John Mark on John Mark

Confused already? Hang in there. This is a print version of a sermon I recently delivered on the New Testament character known as John, also called Mark (Acts 12:12, 25; 15:37), or traditionally known as John Mark. I think it is the first time I have ever “preached” a lesson focused on John Mark.

John is his Hebrew name, and Mark is a Greco-Roman name. Like Saul who was also called Paul, he had two names: a Jewish one and a Greco-Roman one. This was not uncommon in the first century. Jewish believers lived in both a Jewish world and in the world of Roman occupation and imperial rule.

We don’t know John Mark’s origins in any detail but we do know something about his mother, Mary. She owned a house in Jerusalem with a gateway (thus, larger than typical) and her household included servants, at least one whose name was Rhonda. Her home was a gathering place for believers as they assembled there to pray for Peter’s release from prison. Once released, Peter intuitively went to Mary’s house. Her husband is not mentioned; perhaps she was a widow. Whatever the case, she is a well-known leader in the Jerusalem community (Acts 12:12-17).

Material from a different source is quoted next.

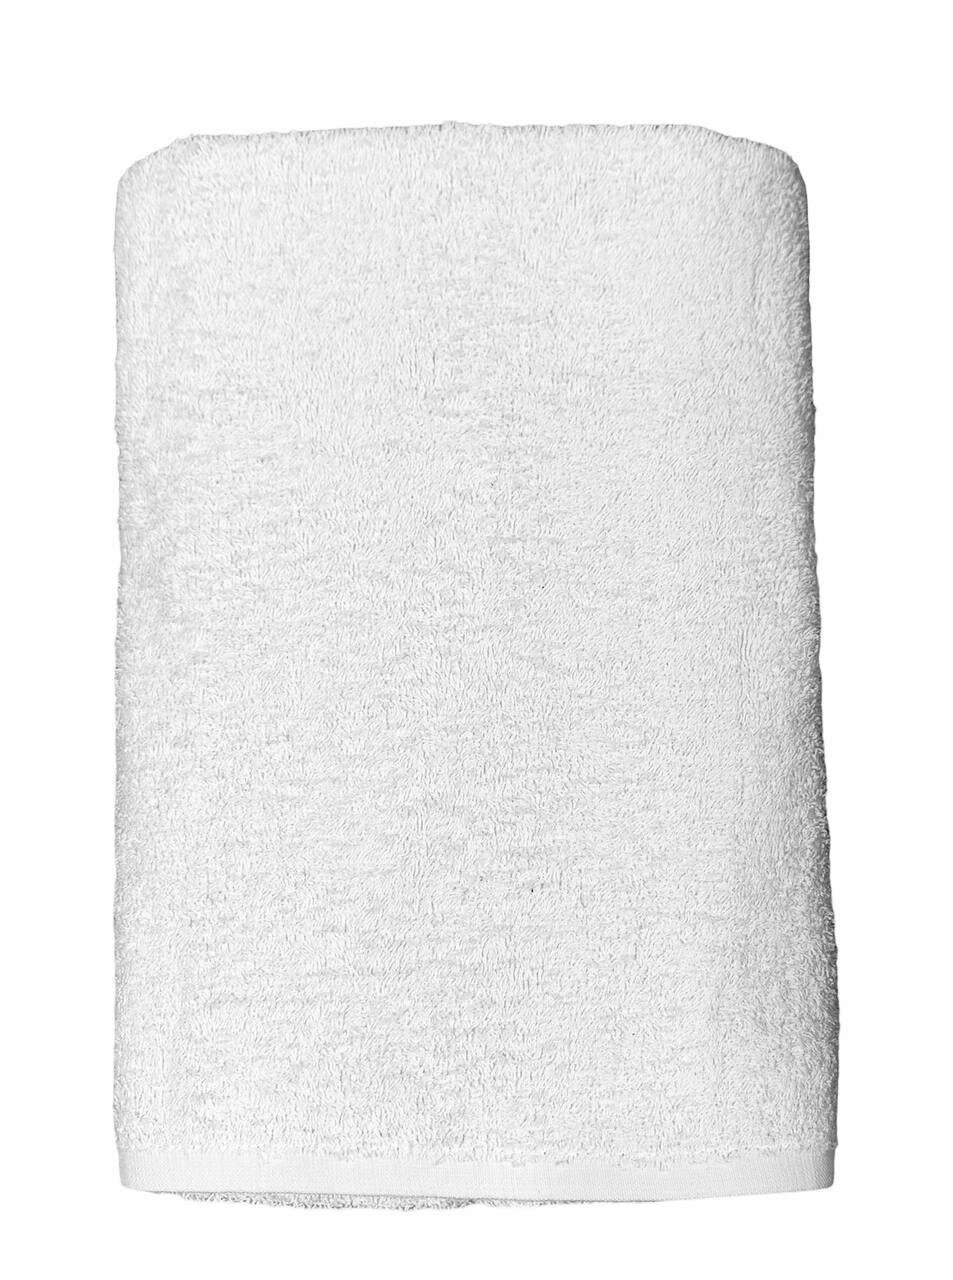 Полотенце белое банное, махровое, хлопок, 70x140 см, 450 г/м² - фотография № 2

We may suppose that John Mark grew up in Jerusalem and was well-acquainted with the events surrounding Jesus. Some believe John Mark is the unidentified young man who fled naked from the Garden of Gethsemane to avoid arrest (Mark 14:51). At the very least, John Mark knew the leaders of the early Christian movement.

Sometime around the mid-40s, Barnabas and Saul travelled to Jerusalem from Antioch in order to share with the Jerusalem church a monetary gift to help with the famine. When they returned to Antioch, they took John Mark with them. Paul and Barnabas are clearly the leaders, and John Mark accompanies them. He is the a junior member of the team. Perhaps they chose John Mark because he was a cousin of Barnabas (Colossians 4:10). Perhaps this was a kind of mentorship or apprentice move for the son of a prominent leader in the church at Jerusalem.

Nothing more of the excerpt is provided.